Those are rookie numbers

Theorem - All numbers are interesting

Demonstration:

0 is interesting
if n is interesting, n+1 is either interesting or not interesting.
\ -- If n+1 is not interesting, we take interest in it as it it the smallest non-interesting number.
Therefore, n+1 is interesting

By induction, all numbers are interesting

My favorite version of this proof:
Let S be the subset of natural numbers that are not interesting. Suppose by way of contradiction that S is inhabited. Then by the well ordering principle of natural numbers, there is a least such element, s in S. In virtue of being the least non interesting number, s is in fact interesting. Hence s is not in S. Since s is in S and not in S, we have derived a contradiction. Therefore our assumption that S is inhabited must be false.

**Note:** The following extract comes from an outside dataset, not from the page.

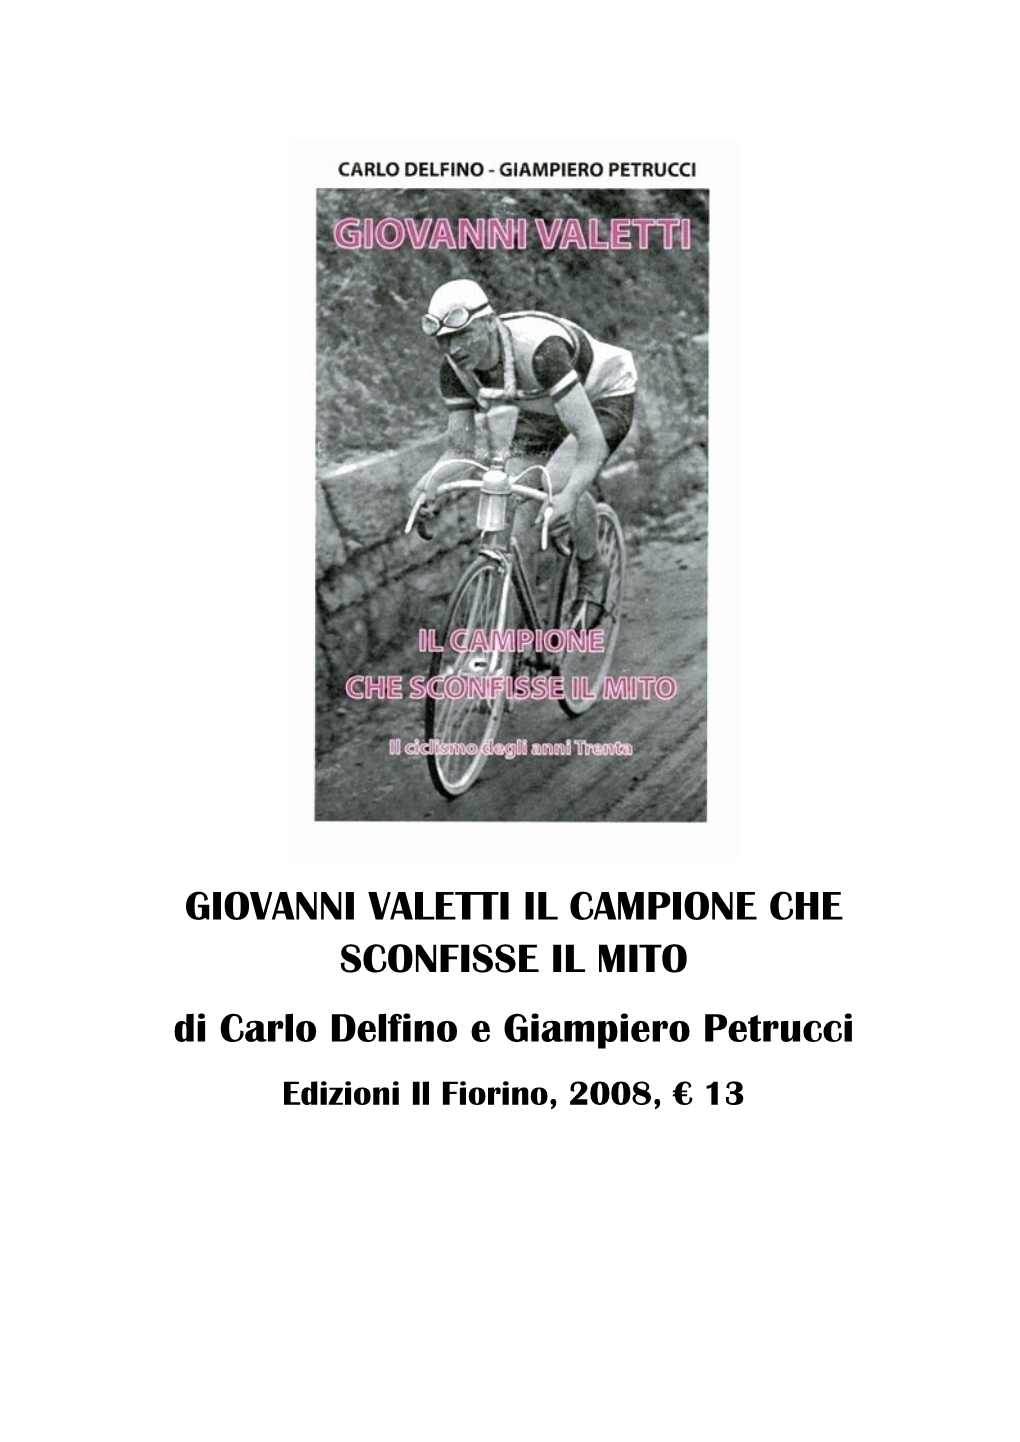 GIOVANNI VALETTI IL CAMPIONE CHE SCONFISSE IL MITO Di Carlo Delfino E Giampiero Petrucci Edizioni Il Fiorino, 2008, € 13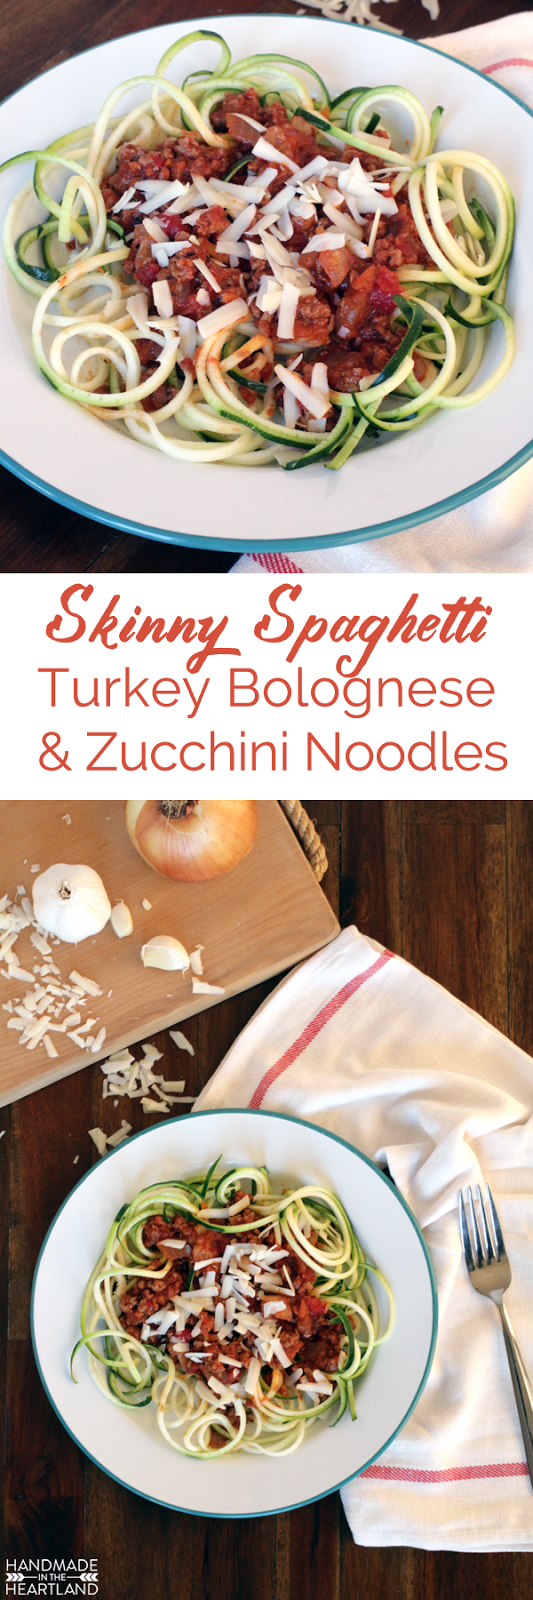 Skinny Spaghetti, Zucchini Noodles & Turkey Bolognese Recipe

Thus S is empty and there are no non interesting numbers.
Counterproof:
n+1 is not the smallest non-interesting number... n-1 is.
What about 31? That's the smallest non-interesting number so if we take that as the first n, then every n+1 is either interesting or the second-smallest non-interesting number, and the second smallest non-interesting number is still not interesting.
- 31 is prime, that's interesting isn't it?
what about the real, non-rational numbers?

The number of particles in the observable universe. For all we know, the universe may be infinite.

I think 6 is a rather big number. It’s more than I can count on one hand.

Start counting in binary. Gets you to 31 on one hand, 1023 on two.
- Chernobyl math

I've seen smaller 😏

I don't think you can induce all numbers from n+1

True, You can only induce natural numbers from this.
However, you could extend it to the positive reals by saying [0,1) is a small number. And building induction on all of those.
You could cover negative and even complex numbers if “small” is a reference to magnitude of a vector, but that is a slippery slope…
In a very not rigorous way, you can cover combinations of ordinal numbers and even non-numbers if you treat them as orthogonal “unit vectors” and the composite “number” as a vector in an infinite vector space which again allows you to specify smallness as a reference to magnitude like we did for the complex numbers.
If you multiply two not really numbers, just count the product as a new dimension for the vector. Same with exponentiation. Same with non math shit like a cow or the color orange. Count all unique things as a unique dimension to a vector then by our little vector magnitude hack, everything is a small number, even things that aren’t numbers. QED.
This proof is a joke, broken in many ways, but the most interesting is the question of if you can actually have a vector with an uncountably infinite (or higher ordinals) of dimensions and what the hell that even means.
Sure you can. Proof:
0 is a number.
If n is a number, n+1 is also a number.
Therefore, by mathematical induction, we can induce all numbers.
- ☝🏽🤓 The naturals are hardly all numbers, considering they're only a countably infinite subset of the reals.
- Weird. There are no numbers that can't be added. I wanted that.

But what abut 10⁸⁰ + 1 ??

Relevant XKCD: https://www.explainxkcd.com/wiki/index.php/2966:_Exam_Numbers

This is a poor definition, a small number is usually defined by an inequality.

https://youtu.be/9P2ROAbQZYw

Different variation of the Sorites Paradox.